## [Goal of the exercise]
To complete this task, print all the data below exactly but leave out the images.

## [Data shown]
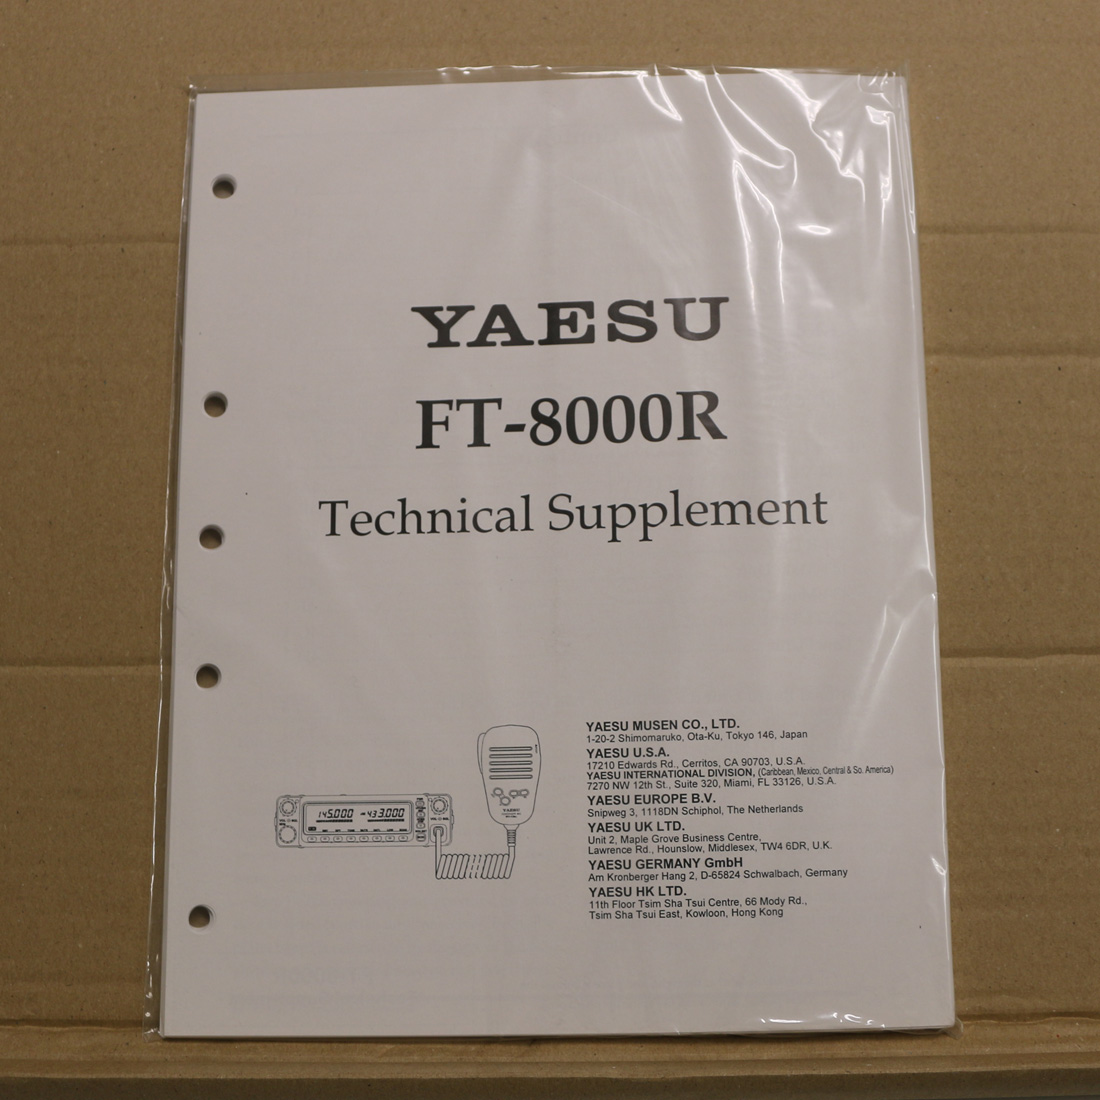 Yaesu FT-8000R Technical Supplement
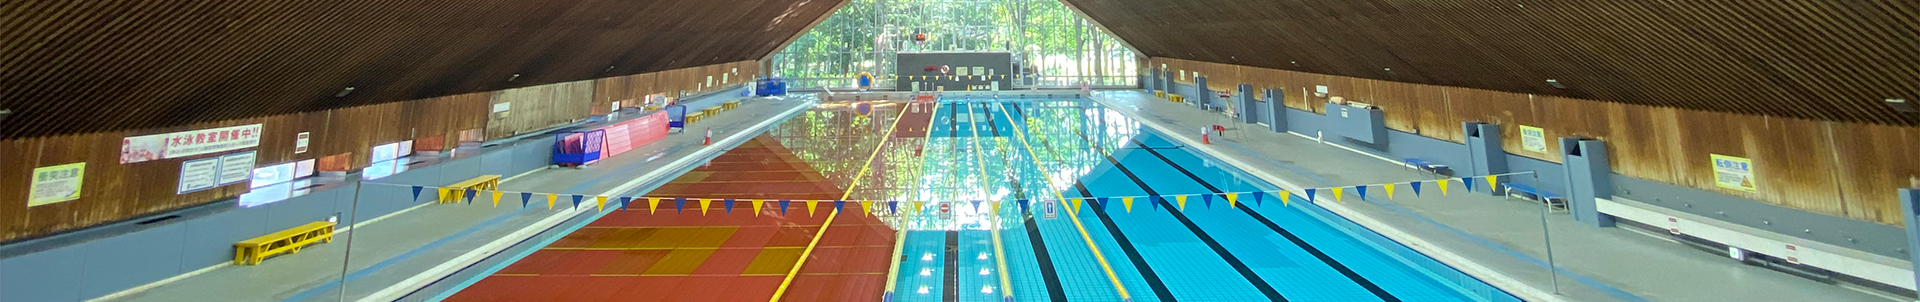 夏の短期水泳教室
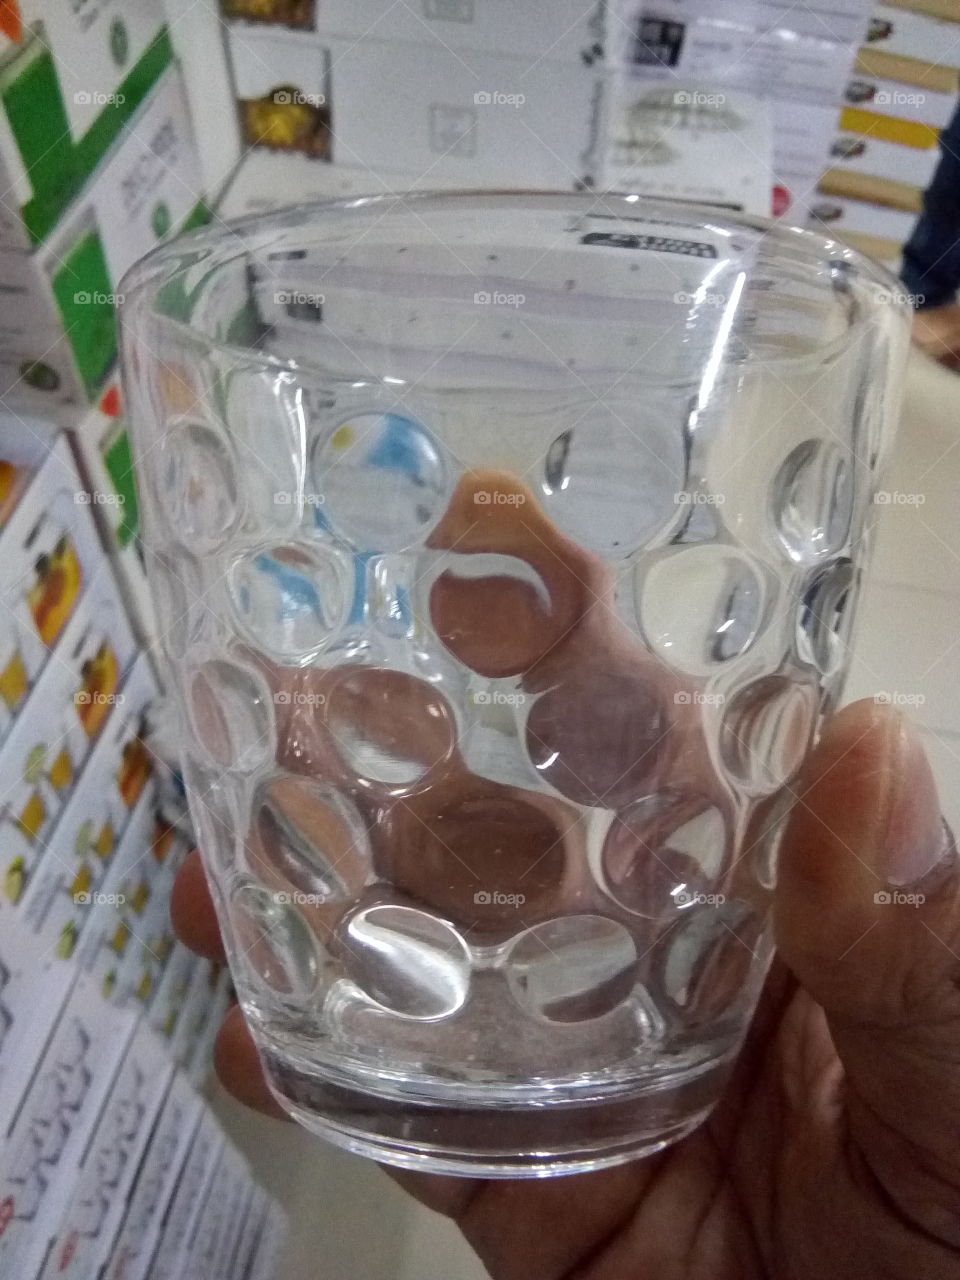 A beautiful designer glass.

## [The completed task]
 Yaesu FT-8000R Technical Supplement
 夏の短期水泳教室
 A beautiful designer glass.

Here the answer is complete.